The viability line has no constitutional or principled basis and could just as meaningfully be drawn at 14 weeks into pregnancy. At minimum, the brief argued, the court should reject a rule based on viability.
“Saying that a state’s interest becomes compelling at 15 weeks’ gestation is just as plausible as saying that it becomes compelling at viability,” said the brief, arguing that such “line-drawing” is legislative task and another sign that abortion decisions should not rely on the courts.
“Abortion—as both a jurisprudential and policy matter—is as divisive and unsettled as ever,” said the brief. “Protecting unborn life and women’s health are as compelling as ‘preserving public confidence in the integrity of the judiciary’— an interest this Court has found compelling,” it added.
States should be able to decide on disputed questions, such as to what extent either continued pregnancy or abortion may create health risks for the mother. Similarly, the states should be able to account for advances in knowledge of when the unborn child becomes sensitive to pain.
“This court need not resolve who is right on fetal pain. It need only recognize that knowledge changes and that the constitution does not bind States to a long-outdated view of the fact,” the brief said.
The reasoning of the pro-abortion precedents did not take into account policy changes that better allow women to have both careers and families or the provision of “safe havens” to shelter newborn children without penalty. These precedents were based in outdated ideas about contraception effectiveness and access.

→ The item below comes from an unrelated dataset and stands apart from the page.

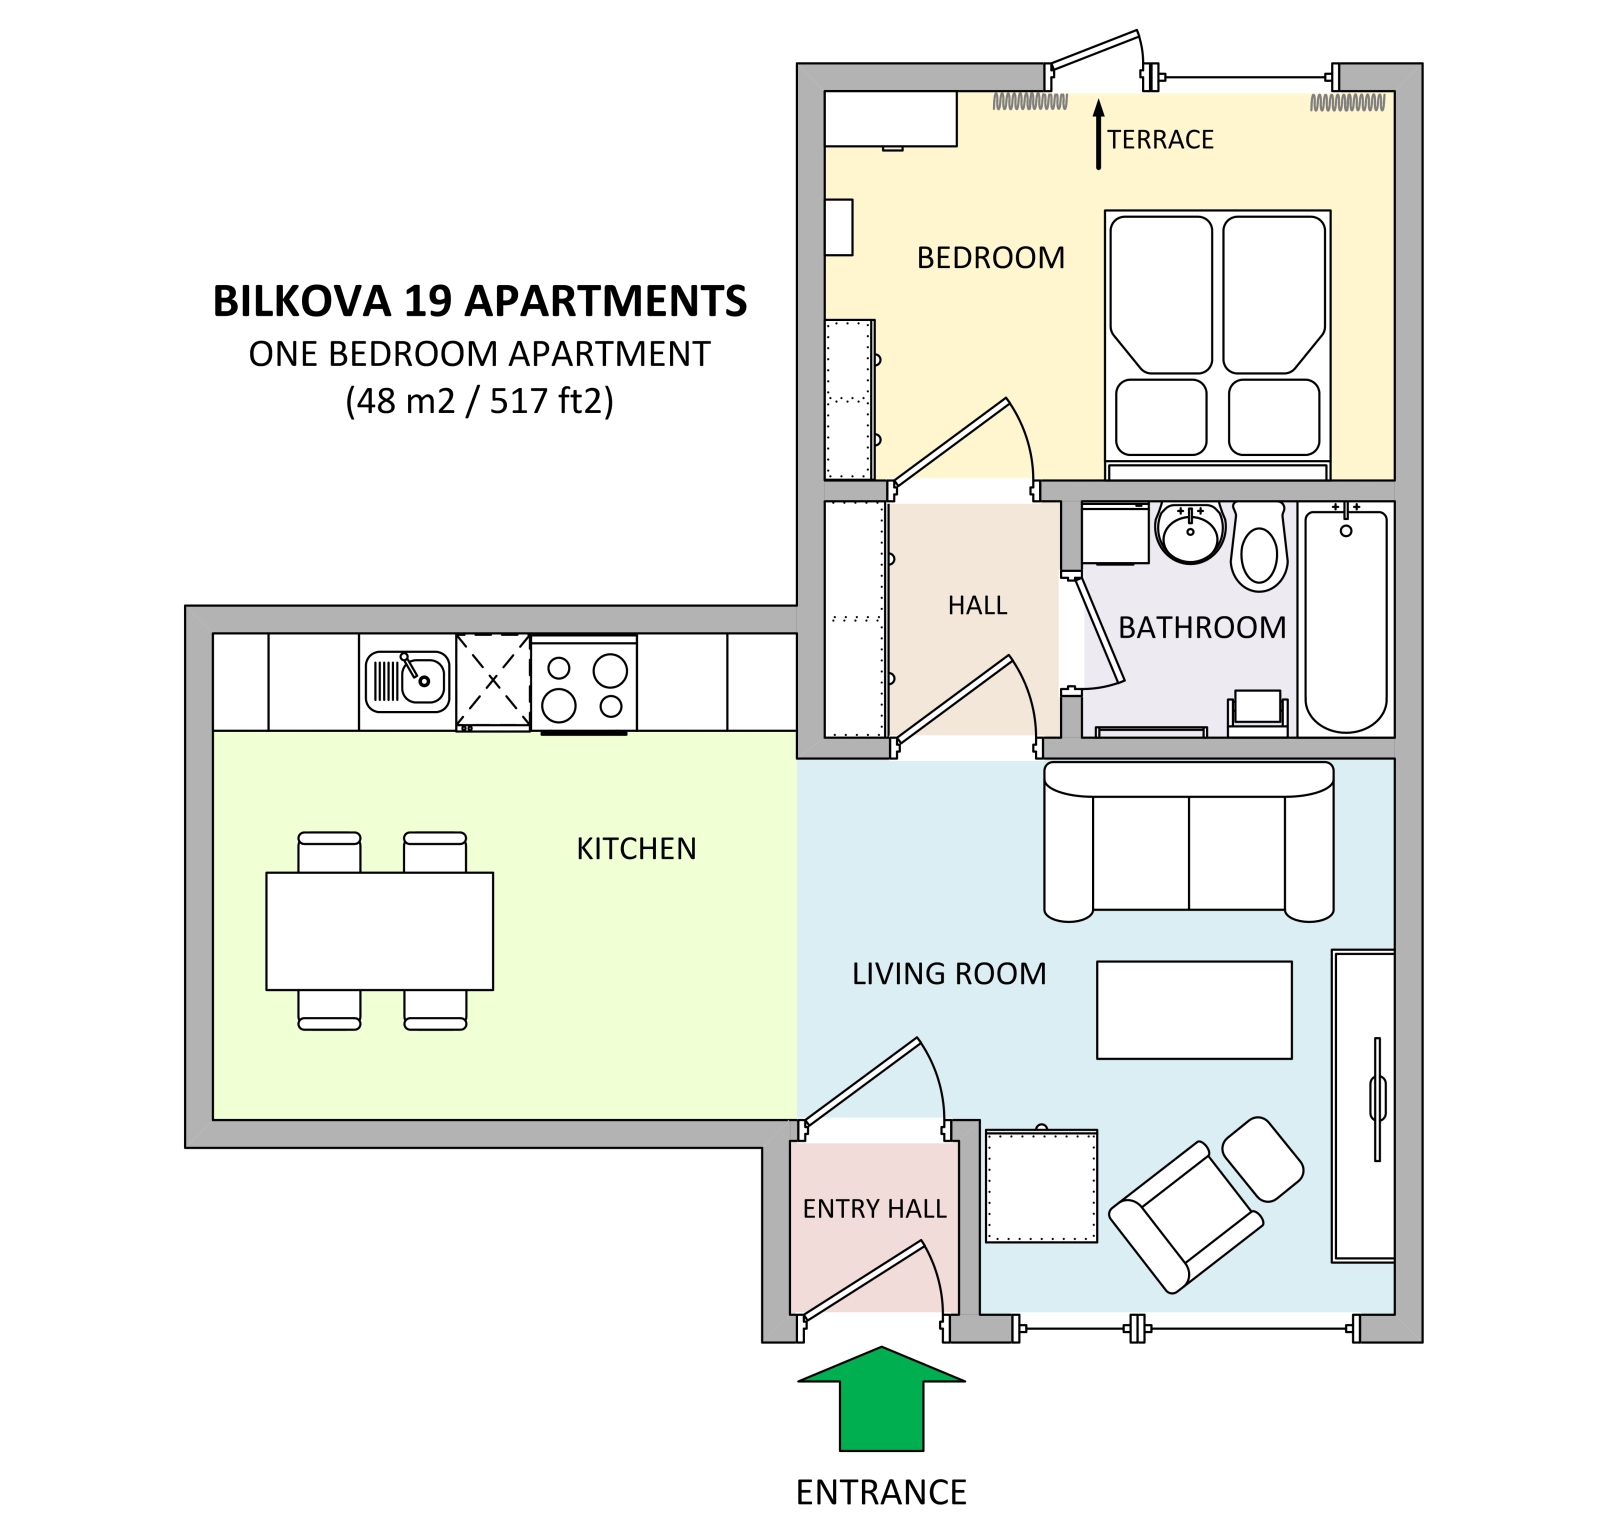 Floorplan of apartment 11 in Apartments Bilkova 19 residence in Prague

Any claim that preserving Roe and abortion access is critical to women’s advancement is a “demeaning view of women.” The claim “boils down to the view that millions of women have a meaningful life only because 50 years ago seven men in Roe saved them from despair—and that women’s success comes at the cost of ending innumerable human lives,” the brief argued.
“Women’s extensive political participation and share of the population ensure that they strongly influence public policy—and would do so without a judicially managed right to abortion,” the brief continued.
“This court has before it the strongest arguments for and against overruling— from the parties, the United States, and 130 amicus briefs exploring every relevant issue,” the brief said. “The fundamental question at issue here will keep returning until this court addresses it. This is the case to confront— and reject—Roe and Casey.”